Janet left just as her girls arrived. I made a smile for them, and gave them both hugs, and asked them only a few questions before they set in with their talk.
Amanda was enrolled in a basketball program and she was very good at it, thank you very much. Lizzie was learning how to play chess and she wasn’t very good yet, but would be soon. Amanda and Lizzie were both fond of a series of novels about a girl a few years older than they were, and her lover, a young man a few years older than she. According to Lizzie, Amanda had let a boy who was also a few years older than she kiss her, and when Amanda shouted no, Lizzie said all right, Amanda had kissed the boy, and asked if that was better? I believe Lizzie was trying to shock me, but it didn’t work.
“Are you going to cook today?” asked Lizzie, and Mandy said, “You don’t have to,” and thought about what she said, and added, “I didn’t mean that I don’t like your food,” which scarcely made matters better.
“We’ll see how it goes,” I said.
“Mandy means you can let Granny Gudrun do it if you’re too tired,” said Lizzie.
“I don’t think that would do,” I said, and lied: “The recipes take two to make their magic work.”
“Magic!” said Lizzie. “Black magic!” Her sister shushed her.
“It’s just cooking,” said Mandy, and then she said to me: “It’s not black magic.” And after a heartbeat or so, she asked:
“Are you angry with us?”
Now that made me smile. Mandy had put her arm around Lizzie and her eyes were round. Lizzie was a step behind her sister, but as I watched, tendrils of worry crossed her face, like cloud over moon.
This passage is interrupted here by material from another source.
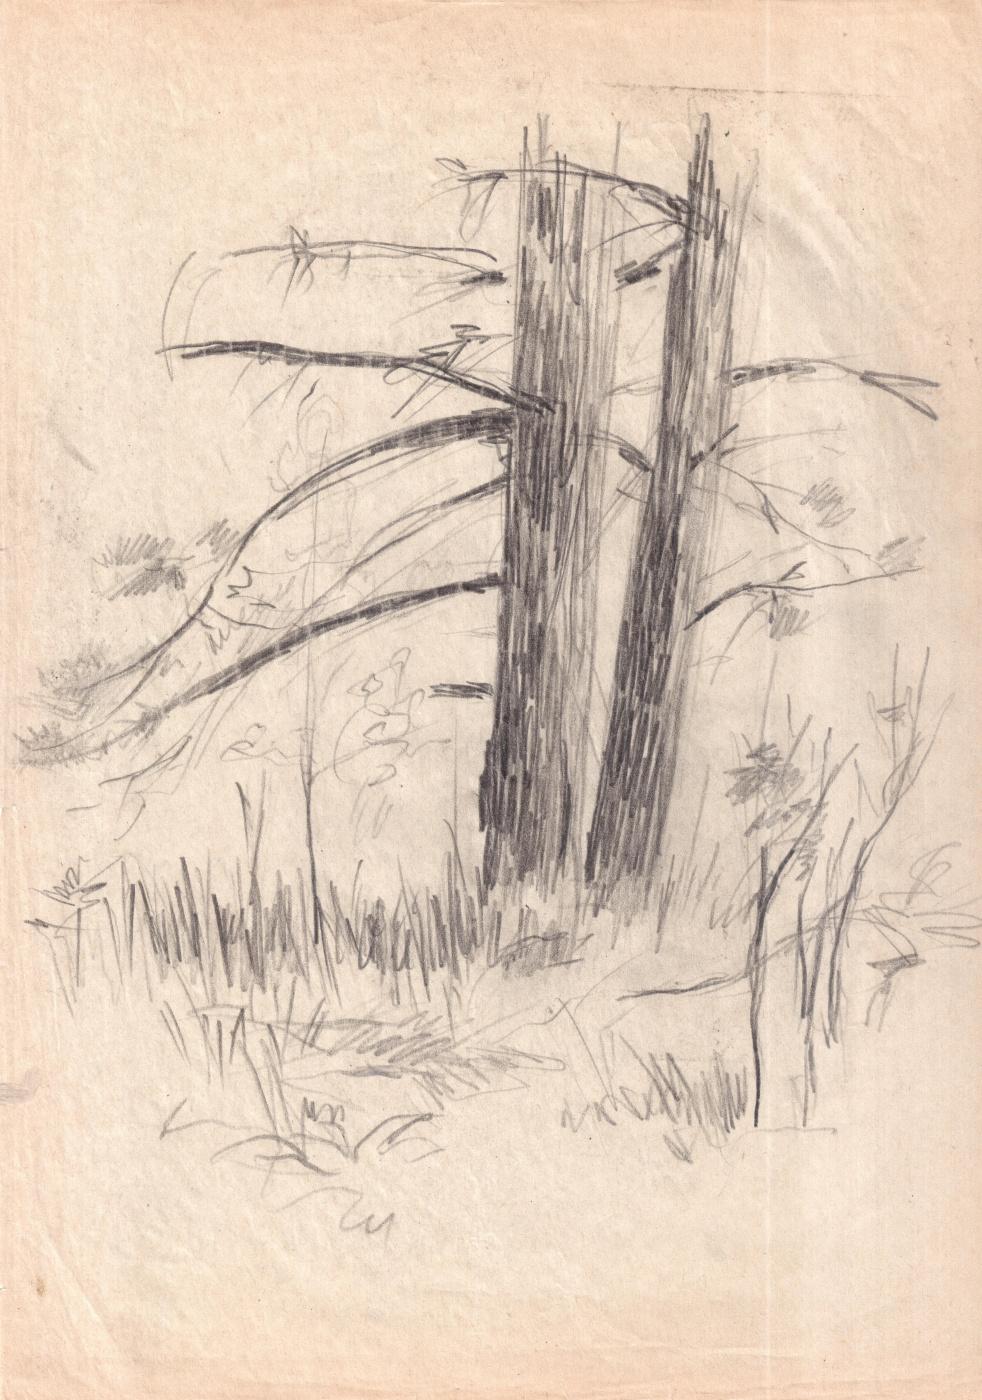 Arkady Pavlovich Laptev. Sketch of trees

“I’m not angry,” I said finally. “I’m not tired either. I had a wonderful nap in your Uncle William’s truck on the way up. I’m ready for whatever the night brings. Black magic or not.”
Mandy tried to smile, tried to laugh, failed at both. Lizzie did better just keeping quiet. I could barely see her trembling as I heard the familiar f
ootsteps approaching behind me.
“You’re good girls,” I said. “You can run along now.”
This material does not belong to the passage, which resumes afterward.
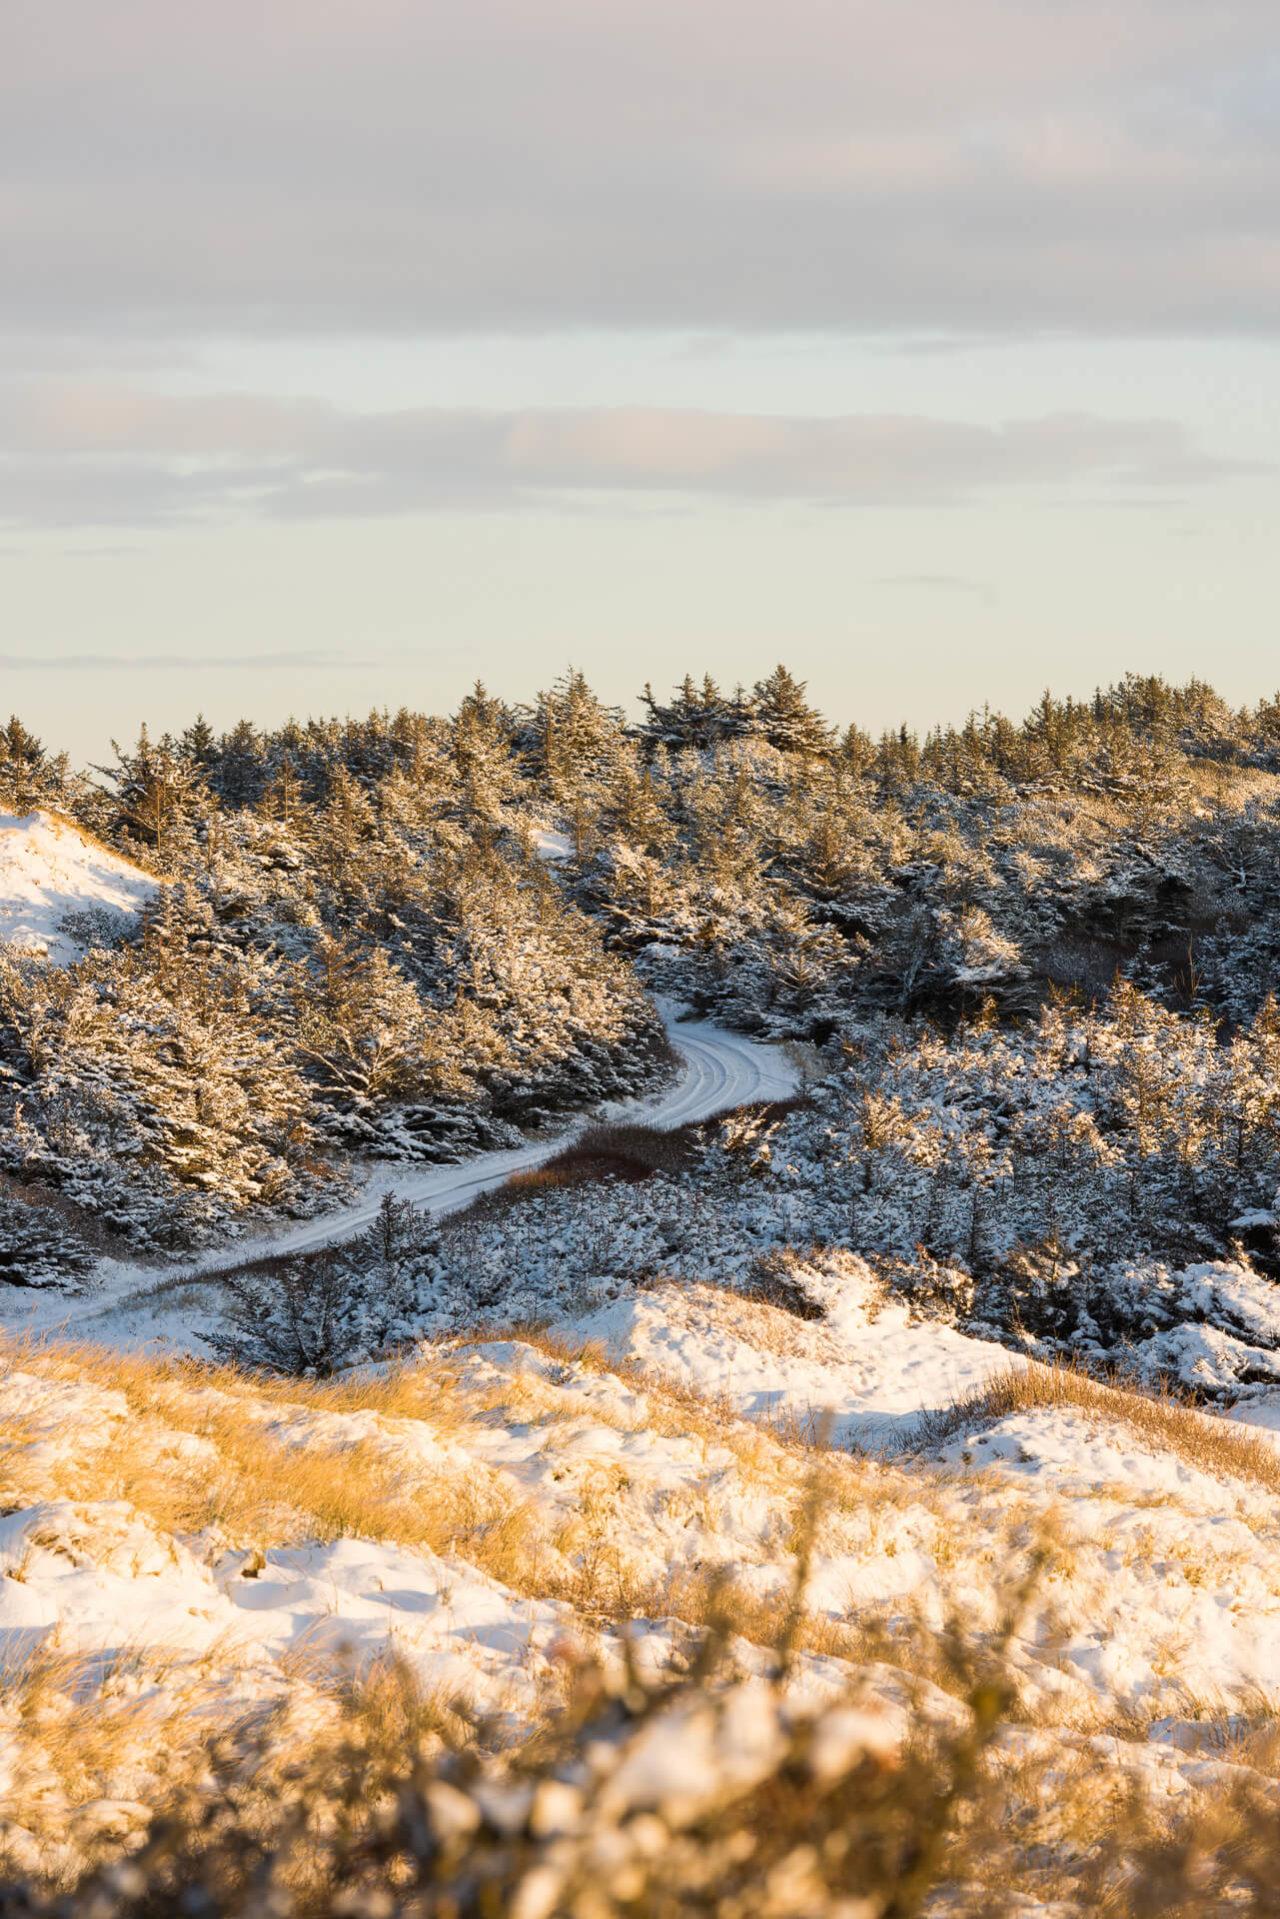 Foto von der Fotostory Redeleit und Junker zeigt einen verschneiten Waldweg

“They don’t have to be told twice,” said Gunnar as he stepped around the chair and bent to give me a kiss. “Help your mother!” he called after them as his daughters ran toward their family’s van.
Gunnar opened a canvas chair beside me and sat in it.
“You look good,” I said, and I wasn’t lying. Gunnar’s daughters had grown beyond recognition, splendid little weeds that they were; Janet’s sunburned face was gradually taking on the texture of cowhide, and she was, to be honest, going to fat. Yet Gunnar—here was the same handsome, strapping lad I’d hugged the last time we’d gathered here. He had cut off most of his long blond hair, and shaved the little pirate beard he’d been so proud of. Past that—the years had treated my eldest grandson tenderly. One might even say neglectfully.
“I don’t know what you said. But you scared the noses off my girls,” he said.